Tuesday, December 12, 2017

WAF Helps Keep Your Azure App Available. Mostly.

OWASP 3.0 Rules in Azure Portal
OWASP 3.0 Rules in Azure Portal
Azure Application Gateway has an optional feature called Web Application Firewall (WAF), which affords protection against numerous types of attacks against your Azure web app. The functionality and features of App Gateway and WAF are well documented online, but recently a colleague discovered a less obvious aspect that's worth sharing.

If the WAF feature is enabled in your App Gateway, a set of filtering rules is applied. WAF rules are visible and configurable in the Azure Portal, as seen in the adjacent image. You select either OWASP 2.x or 3.x rule sets. The list of rules is large and detailed, as show in the adjacent image for OWASP 3.0.

The Problem


I always advocate working with technology to discover undocumented aspects, product limits, and the like. This is how you build domain expertise. Jorge Cotillo was doing just that, using WAF Prevention mode with OWASP 3.0, and he stumbled on an interesting issue with a customer.

In Prevention mode, WAF will return HTTP 403 to callers if a rule violation is detected. The customer has a legacy app that uses calls webresource.axd to access resources, and legitimate access attempts ran afoul of those rules. A very important business function was blocked.

The problem was traced by first noticing the broken application functionality, then by looking into the WAF logs to correlate blocked requests to access attempts by the app.

The Solution

Note: Exercise caution before disabling any WAF protection rules, as this can render your web app prone to certain attacks.
OWASP 3.0 Rule 92440
OWASP 3.0 Rule 92440
Access to the .AXD was restored by disabling rule 920440, "URL file extension is restricted by policy".

With .AXD access restored, Jorge then discovered that a WCF service was also blocked. After research, the following rules were disabled and the WCF service became accessible. The service was not using transport security.

  • 920300 - Request Missing an Accept Header
  • 920320 - Missing User Agent Header
  • 920420 - Request content type is not allowed by policy


Conclusion


Security Effectiveness vs. "Tightness"
Security Effectiveness vs. "Tightness"
Security is essential on the internet, and should be part of any internet-facing web app / API from the get-go. But remember that a primary function of security is to keep the business function running and usable by customers. Balance is required to insure that goal is met.

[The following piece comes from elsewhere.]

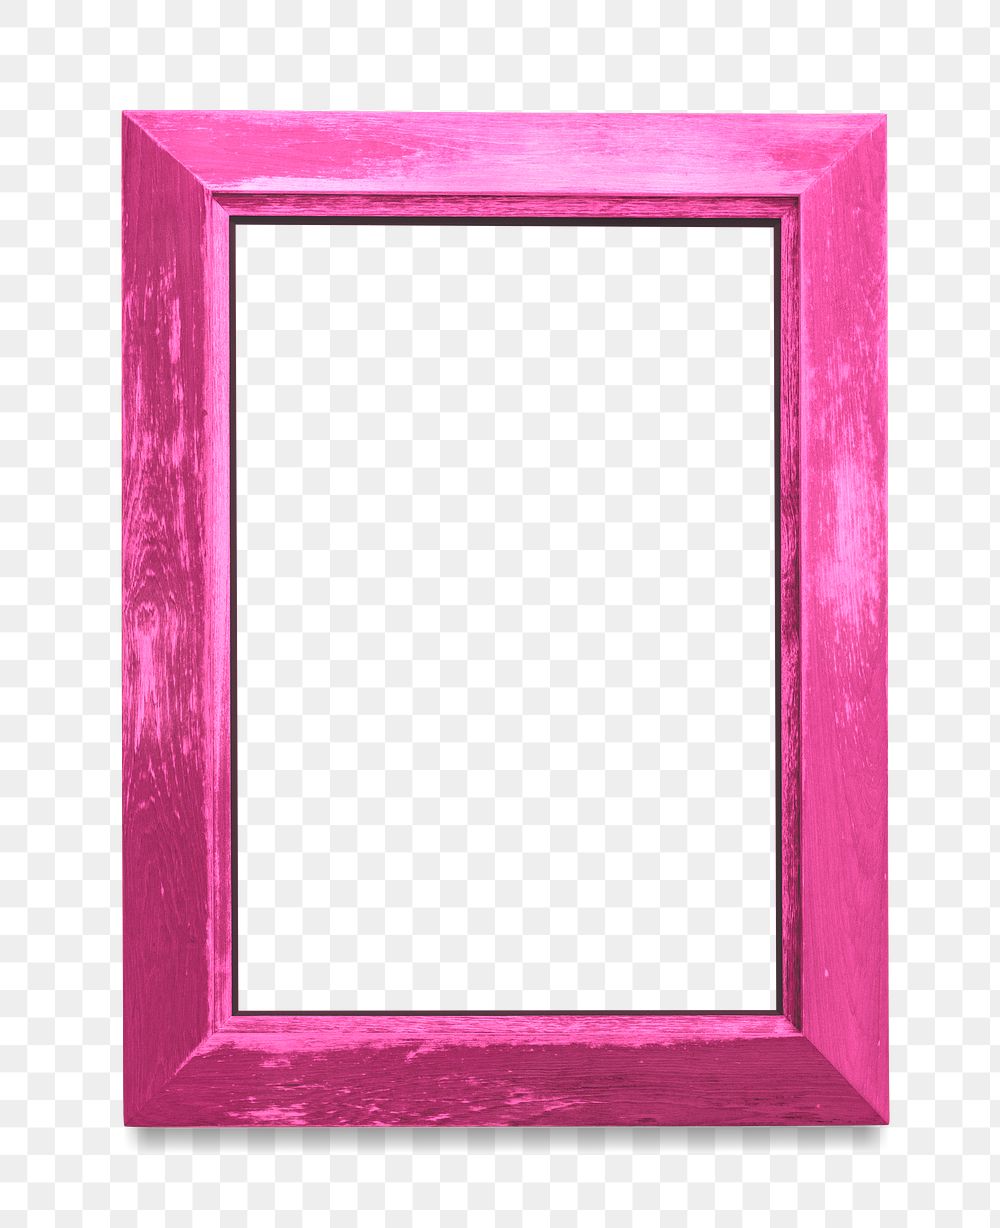 Pink photo frame mockup

This situation is one I've seen before, where implementing a security technology or policy to safeguard computer-based business function actually prevented its use. Security is not a linear function, it is - as are so many aspects of technology - a bell curve (or approximation of such). Crank up the "security" too far (say, to 11) and business protection actually goes down. The irony is that the business function is very secure, because it's inaccessible.